Throw away the key: Self storage and crime
Most users of self storage are honest and law-abiding people. They fill their units with ordinary, domestic stuff, they mostly pay their rent on time, and they use self storage purely in the way it was intended.
However, it’s no secret that a small proportion of self storage customers have very different ideas in mind. The private, clandestine nature of self storage means it can sometimes present criminals with the perfect cover for getting up to no good.
Tragedies in self storage
The most serious crime to have involved self storage in the UK was the tragic murder of teacher Jane Longhurst in March 2004. Her killer, Graham Coutts, strangled her with a pair of tights at his home before moving her body to a unit at Big Yellow’s Brighton branch, which he rented under an assumed name.
Claiming that he was storing ‘personal belongings’, Coutts kept her naked body in a cardboard box at the unit, which, chillingly, he then visited seven times. Big Yellow staff played a crucial role in his capture by alerting police to the strange smell coming from his unit, where they then found several of Jane’s possessions during an official search (Coutts having moved her body again before this took place).
Murders at US self storage facilities are slightly more common, purely because America suffers from more violent crime than we do.
Unfortunately, Googling ‘self storage murder’ produces a litany of American news stories. Just from the current first page of results: a triple murder-suicide in at a storage centre in Las Vegas this August, a woman stabbed to death at a California facility last April, and the robbery-murder of someone as they used self storage in Miami last January.
These crimes have the power to shock, but fortunately most offences involving self storage are of a far less serious nature.
Things you shouldn’t keep in self storage…
The most frequently recorded crimes involving self storage are to do with people storing illegal items.
Contraband isn’t usually the sexiest type of crime to report on, but in November 2007 Brent council found 40,000 counterfeit Durex condoms being held in a Wembley self storage unit, with an approximate street value of £45,000.

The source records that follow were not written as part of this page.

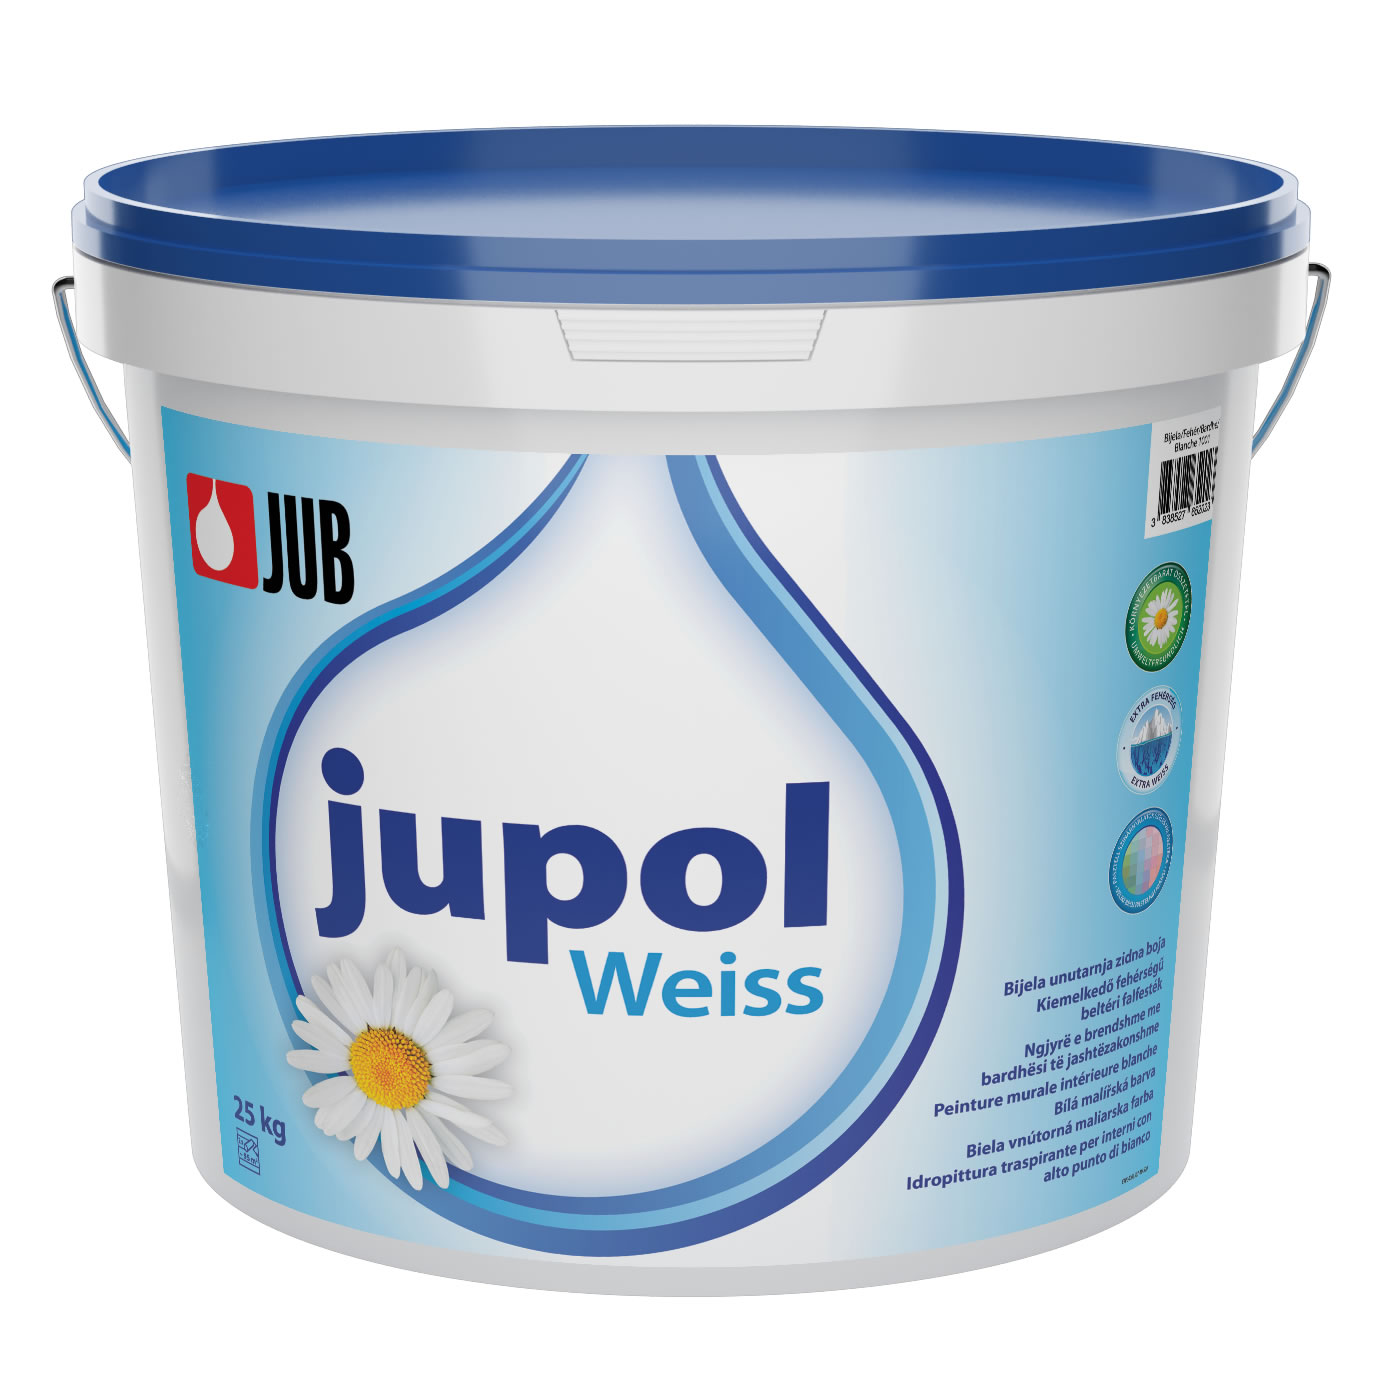 JUB JUPOL Weiss Extra biela maliarska farba Biela,15L
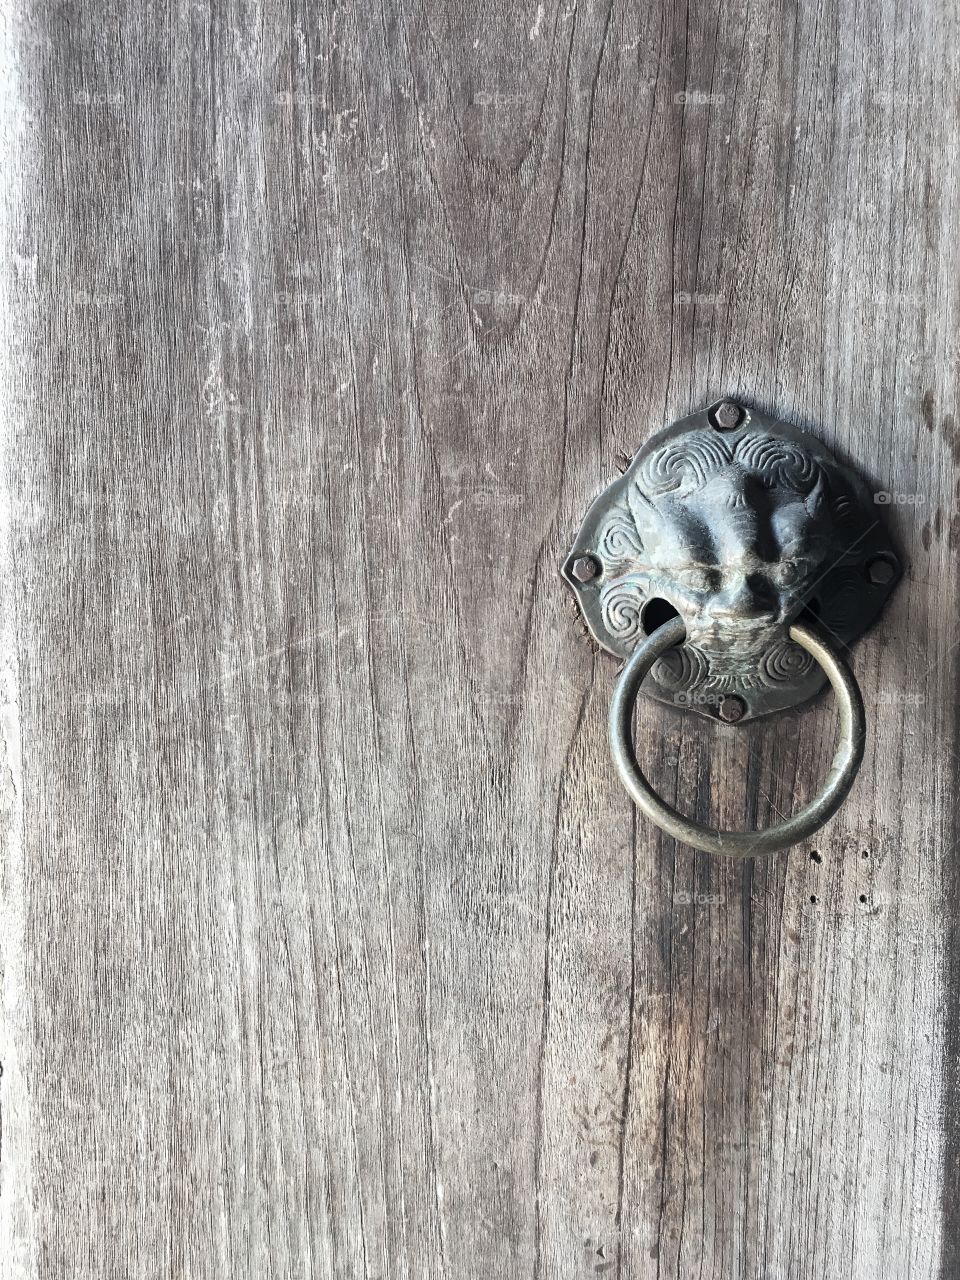 Antique doorknocker
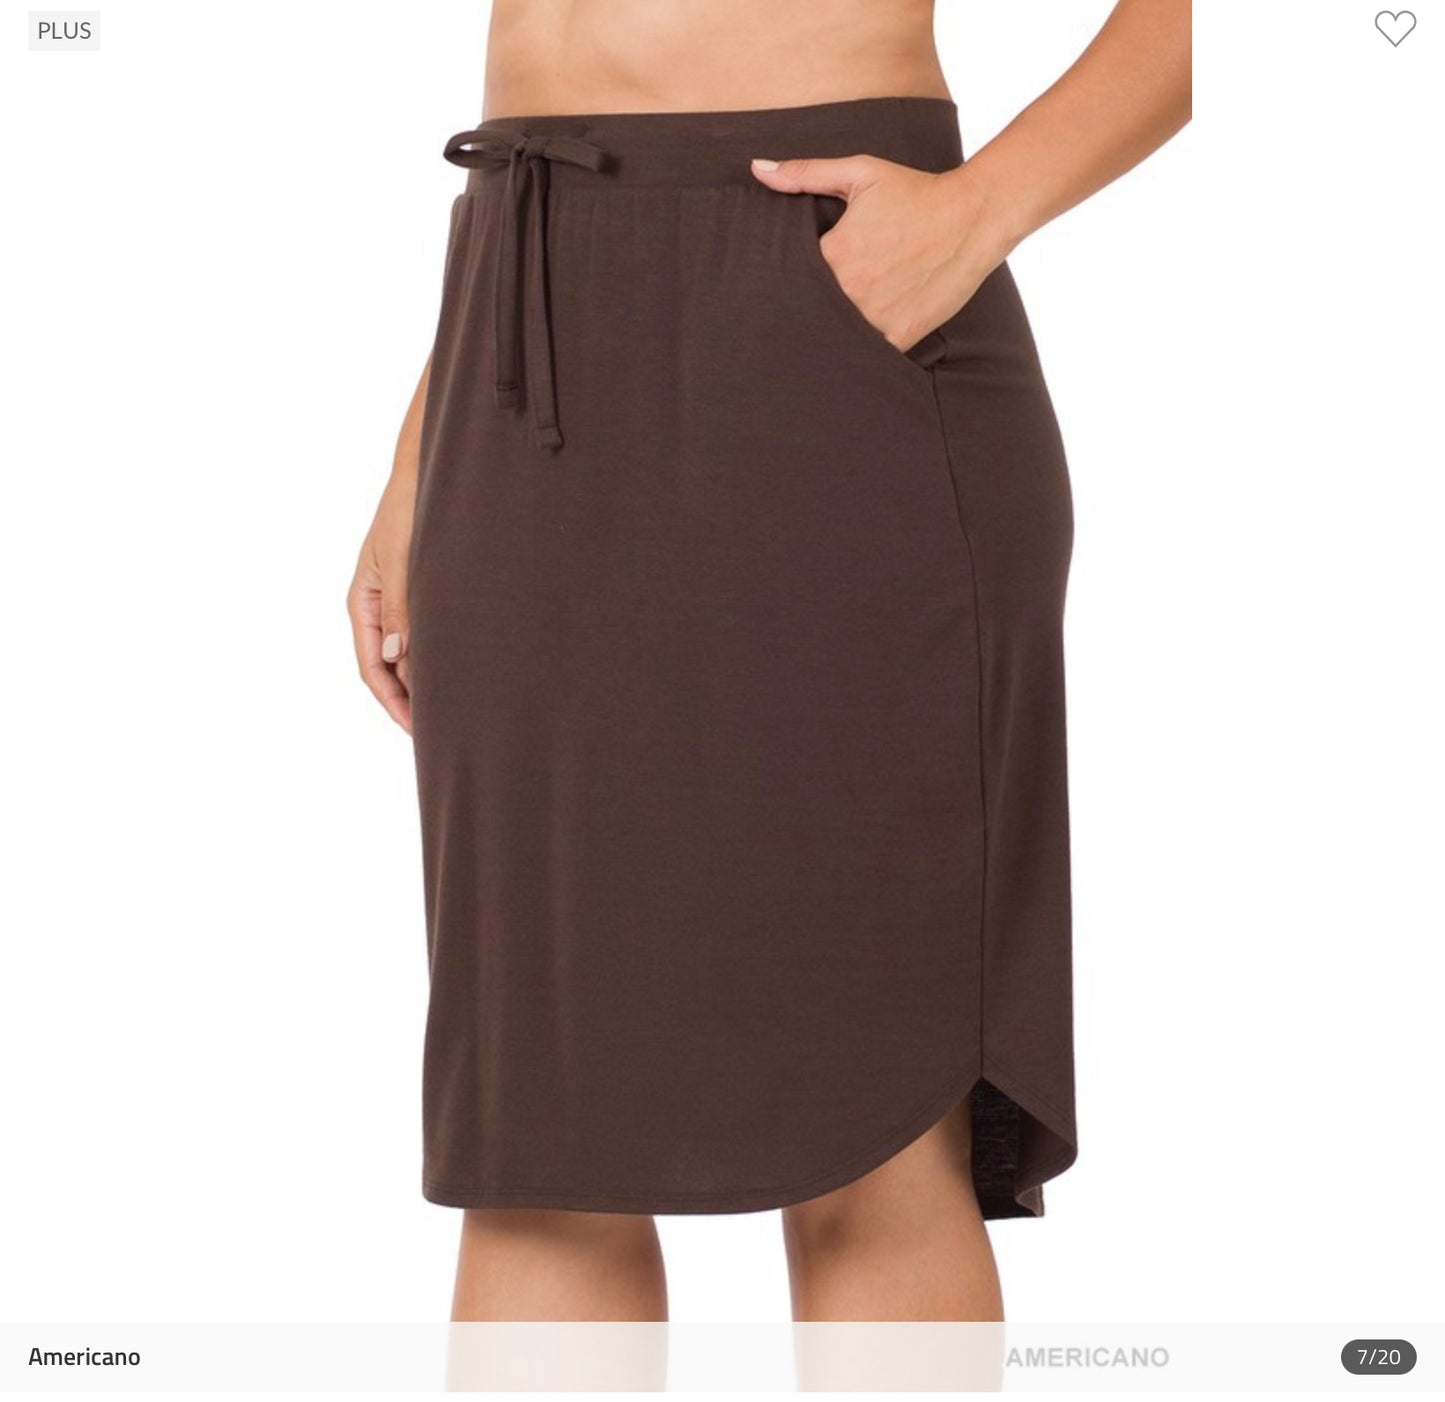 Maddie Weekender Skirt in Americano- Misses and Plus (M,XL,1X)

Earlier this year, 250kg of counterfeit cigarette packaging was found in a Glasgow self storage unit by Her Majesty’s Revenue and Customs. Trading Standards also made themselves look good when they found a load of fake beauty products in a storage unit on the Old Kent Road, in addition to £20,000 of counterfeit Microsoft and Adobe software.
This gives an idea of the type of things which criminals typically horde in self storage units: cheaper copies of taxed or trademarked goods that they can sell illegally on the black market.
In America drug dealers are known for using self storage units to hold drugs and related equipment, particularly money that they can’t take to the bank. A drug-dealer named Paul Sessomes was caught in Baltimore earlier this year when two self storage units in his name were found to contain over half a million dollars in drug-money after the police had obtained a search warrant.
Self storage crime from the inside
Self storage customers probably need to be aware of two types of crime. The first is identity theft, increasingly a hazard of everyday life.
This can be a problem in self storage if someone is storing old computers or paper records that have their personal, financial and identity details on them. There have been cases documented in America of people having their units broken into but where the criminals only stole an old computer or a file of bank statements so they could later withdraw the victim’s money. Anything that contains sensitive personal information needs to be looked after very carefully, even if it’s in self storage.
The other type of crime is the risk of ‘inside’ break-ins. Most robberies in self storage occur when a thief poses as a client in order to gain access to the units, but then tries to break into other people’s ones.
Police contacted self storage companies earlier this year to warn of a spate of such burglaries in which a unit would be rented by clients using a Romanian driving licence for identification; these clients then came back a few nights later and attempted to break into other units.
As such attacks tend to happen in the dead of night, this could be a downside to having 24-hour access.
An explosion of crime in self storage
Fortunately, the UK has at least so far been spared from the most destructive type of US self storage crime.
This is the widespread illegal use of self storage units for making crystal methamphetamine (‘crystal meth’ or ‘ice’), a hideously addictive class-A drug that 12 million Americans are thought to have used.
Not only is this illegal, it’s also very bad news if a self storage centre is chosen to host a so-called meth lab. This is because it involves mixing together a set of extremely toxic and hazardous chemicals at high temperatures, which often explode and cause huge destruction.
In Los Angeles, half of all meth labs are found when the building they’re in accidently ignites. Even if this doesn’t happen the building still needs an industrial clean-up after one has been removed, as several of the chemical ingredients are toxic and carcinogenic.
So far crystal-meth remains a relatively minor drug in the UK, and only two people have so far been prosecuted for running labs (neither of which were in self storage units). However, with the popularity of the drug predicted to soar in the near future, we may have to get ready for an explosion in UK self storage crime.